→ WORK INSTRUCTION
Write down exactly the lines from the one below that has "Vše, co jste" to the end of the data, both ends included; the pictures should not appear in your copy.

→ DATA PROVIDED

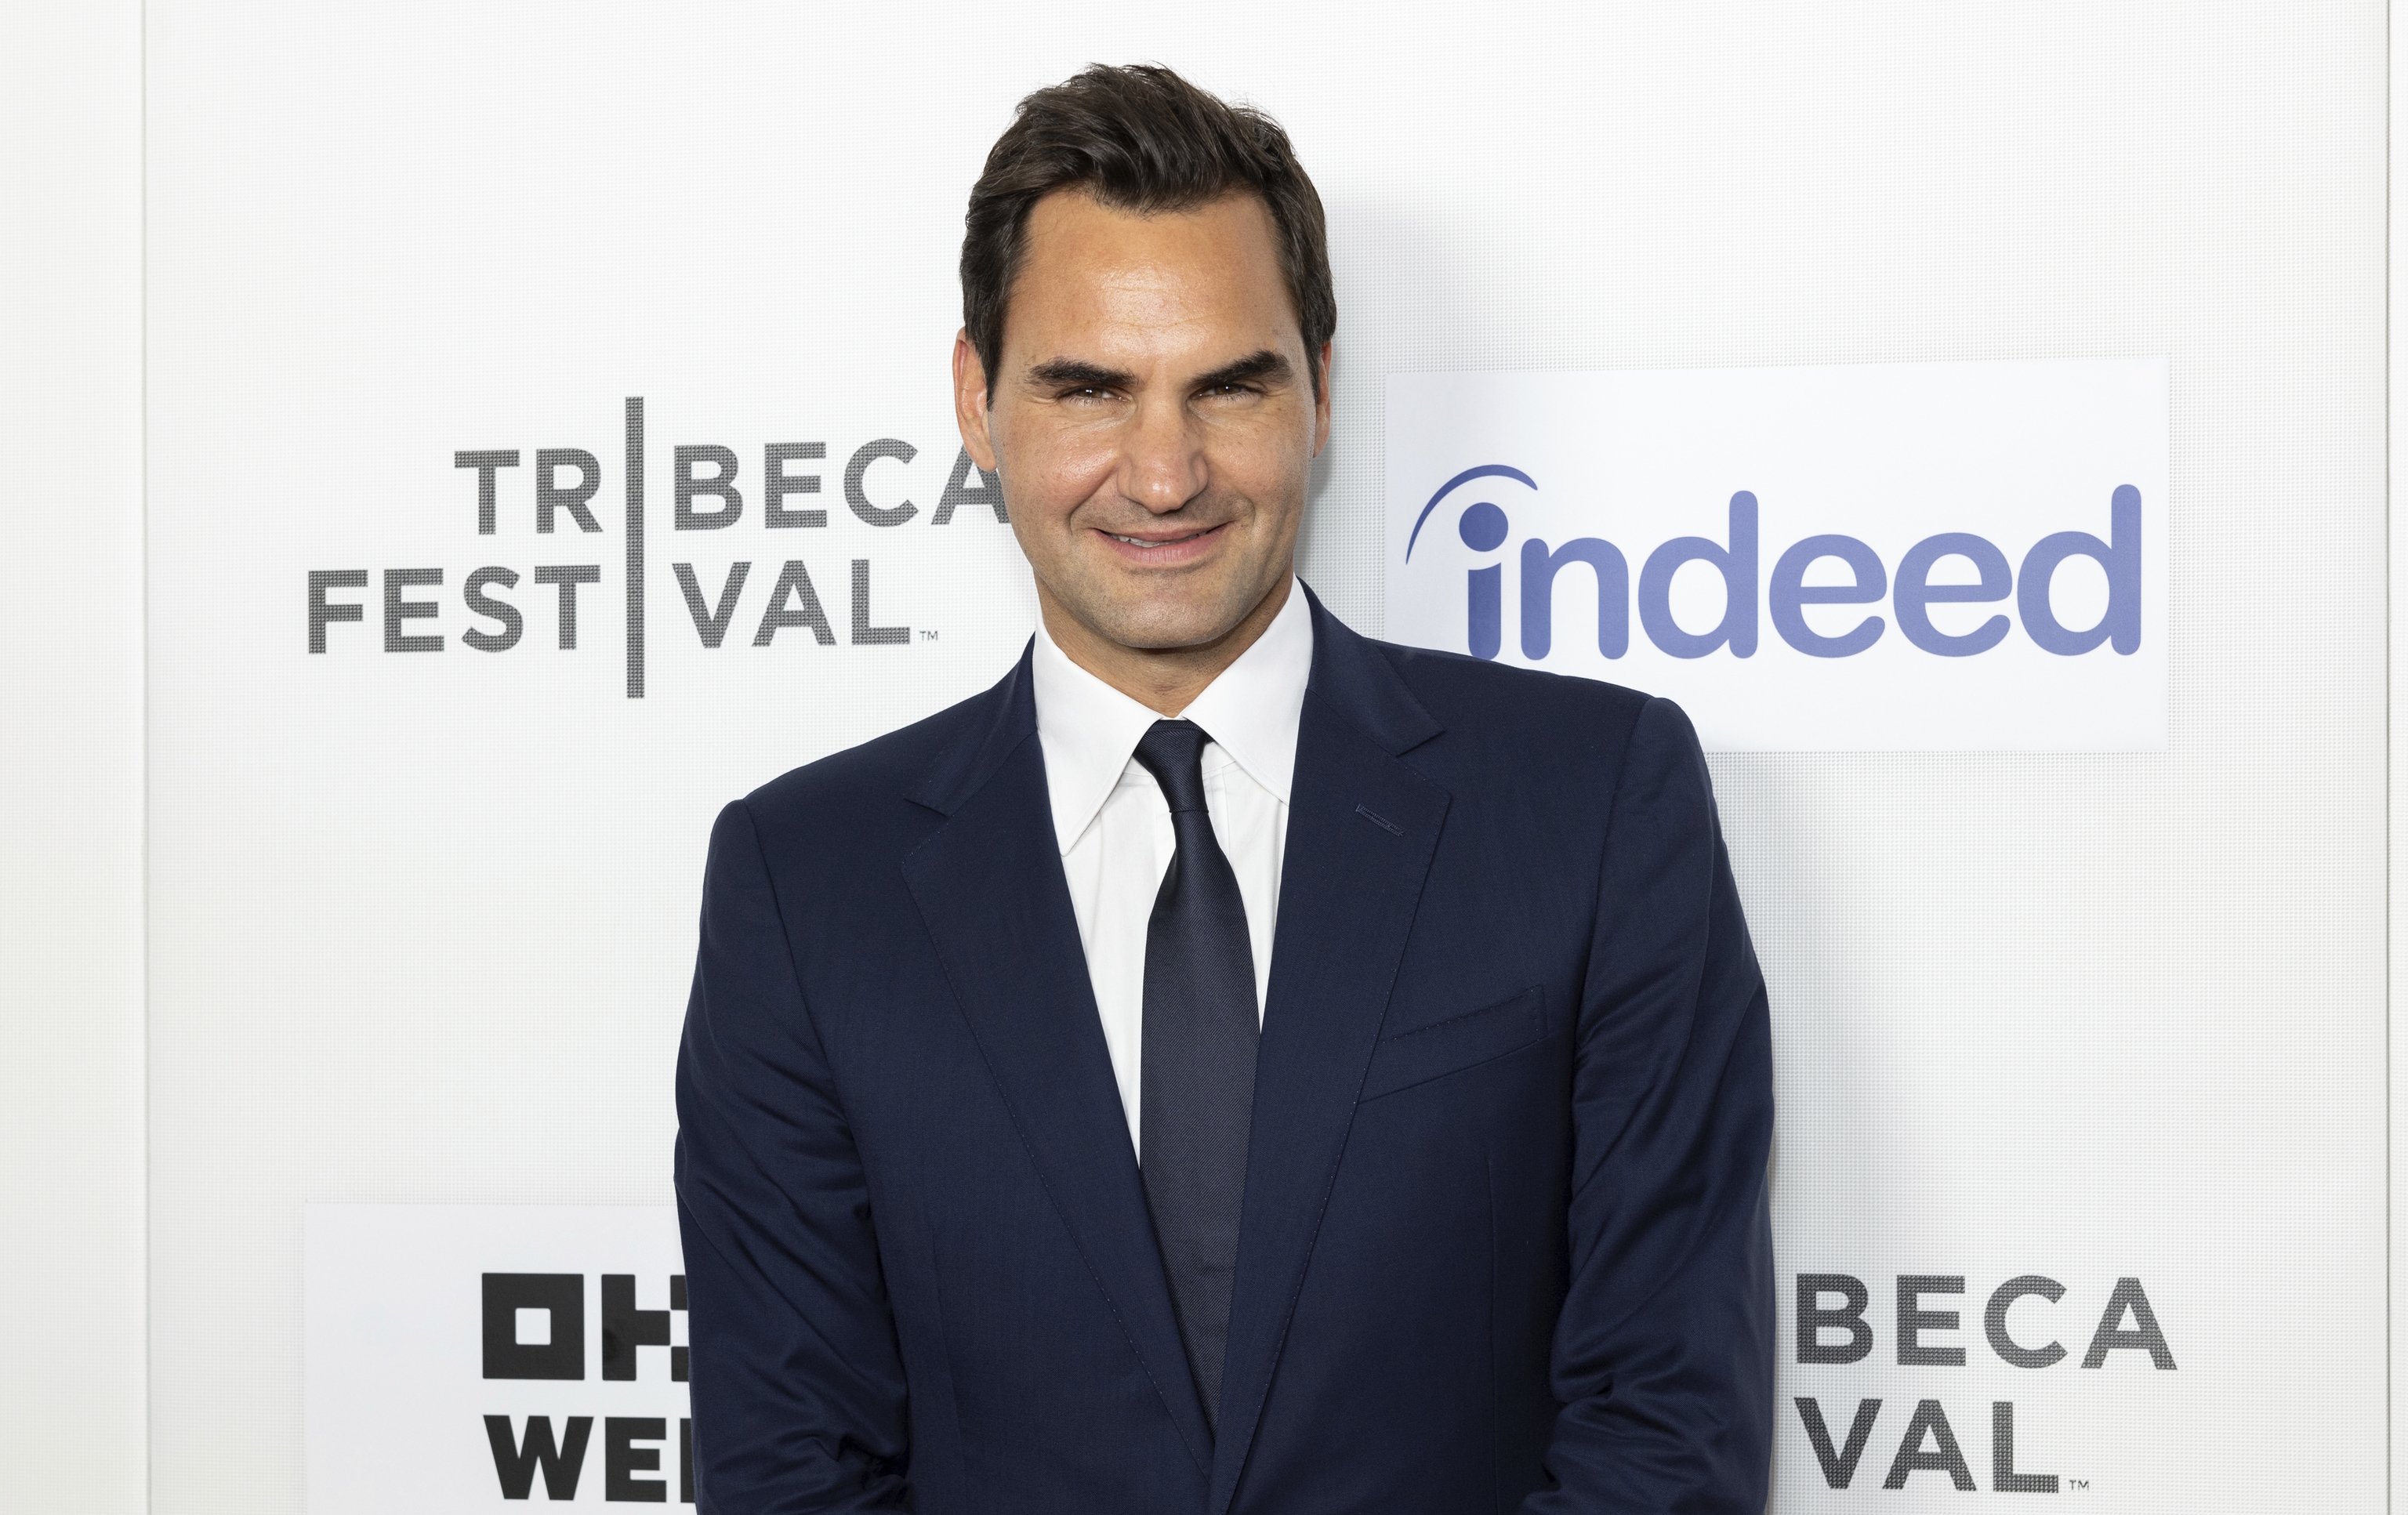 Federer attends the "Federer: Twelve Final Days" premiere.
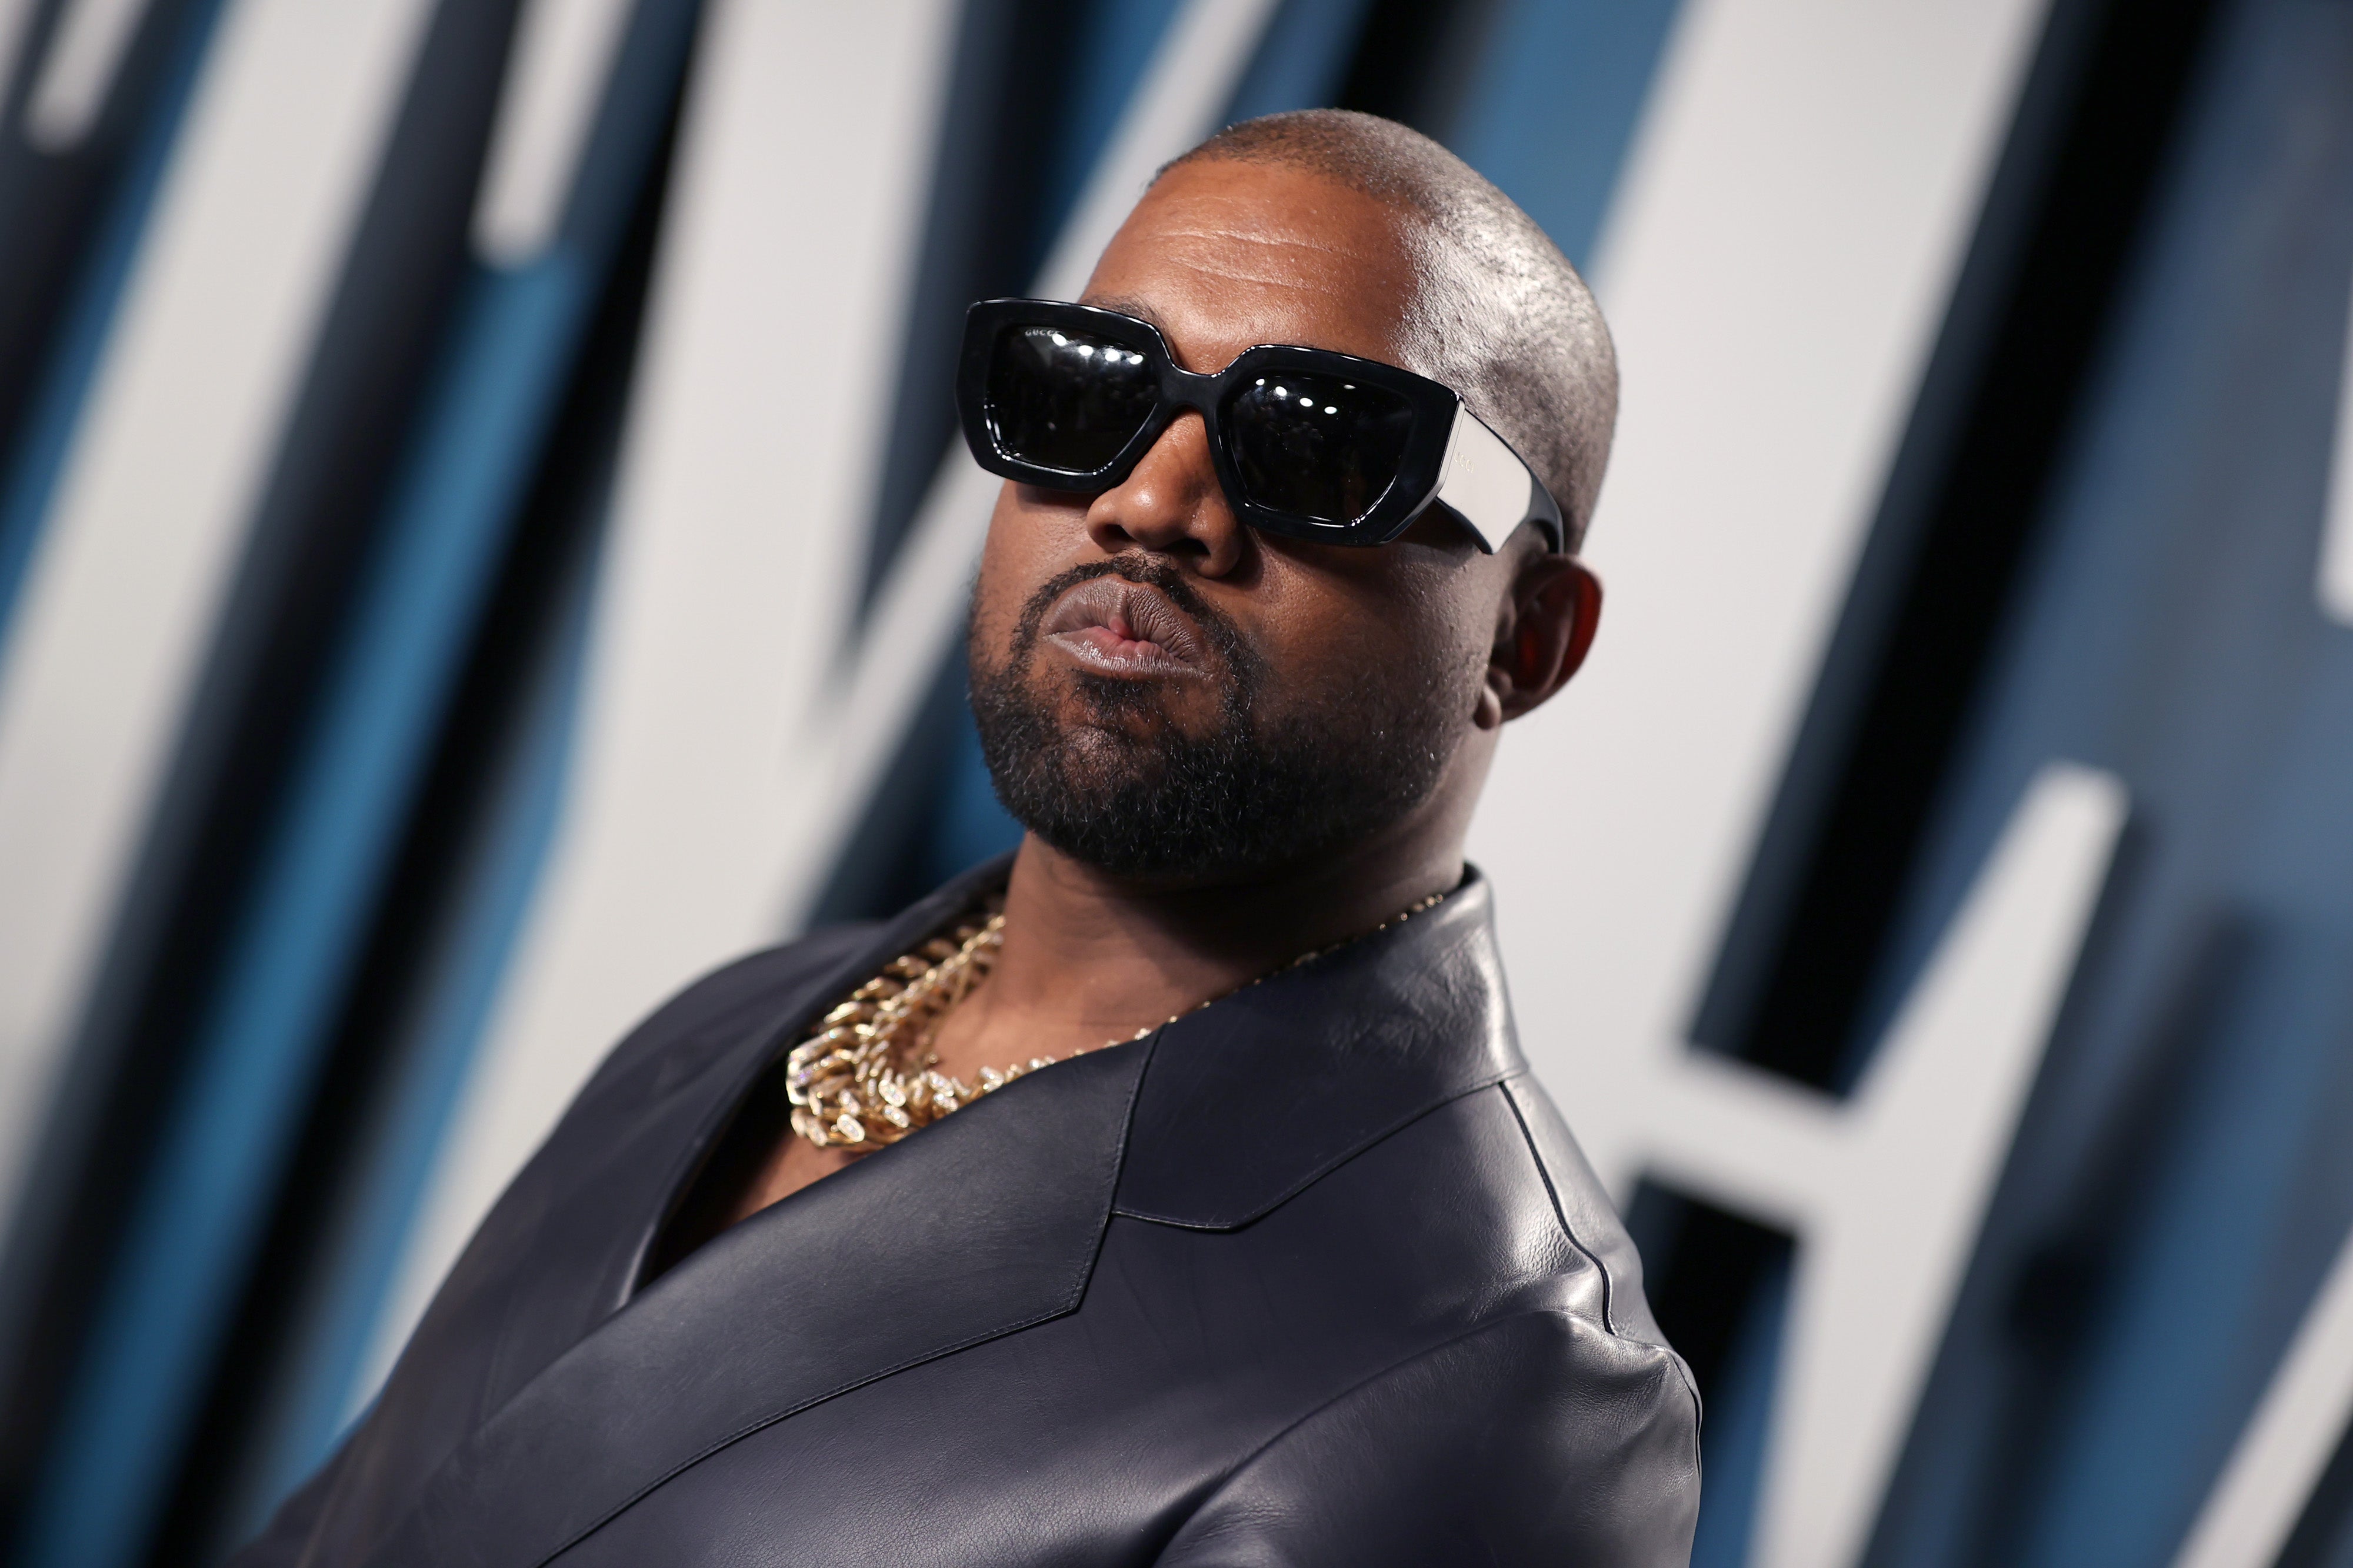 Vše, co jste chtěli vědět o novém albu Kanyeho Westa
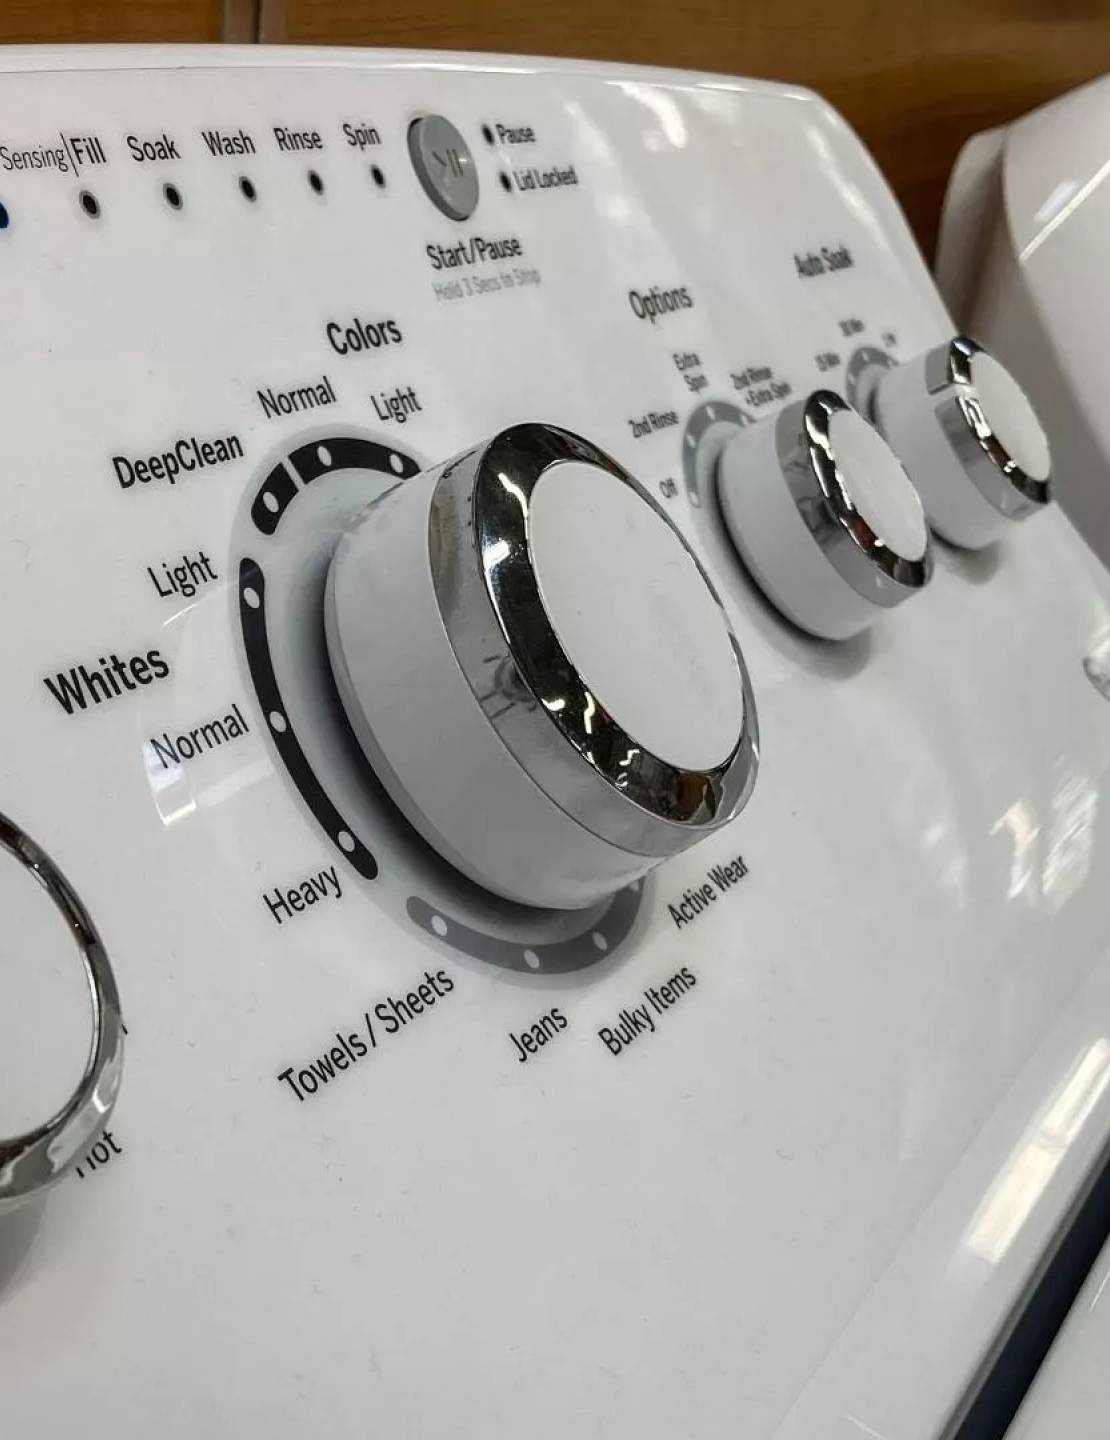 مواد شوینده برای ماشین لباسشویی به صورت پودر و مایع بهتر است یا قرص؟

→ YOUR SOLUTION
 Vše, co jste chtěli vědět o novém albu Kanyeho Westa
 مواد شوینده برای ماشین لباسشویی به صورت پودر و مایع بهتر است یا قرص؟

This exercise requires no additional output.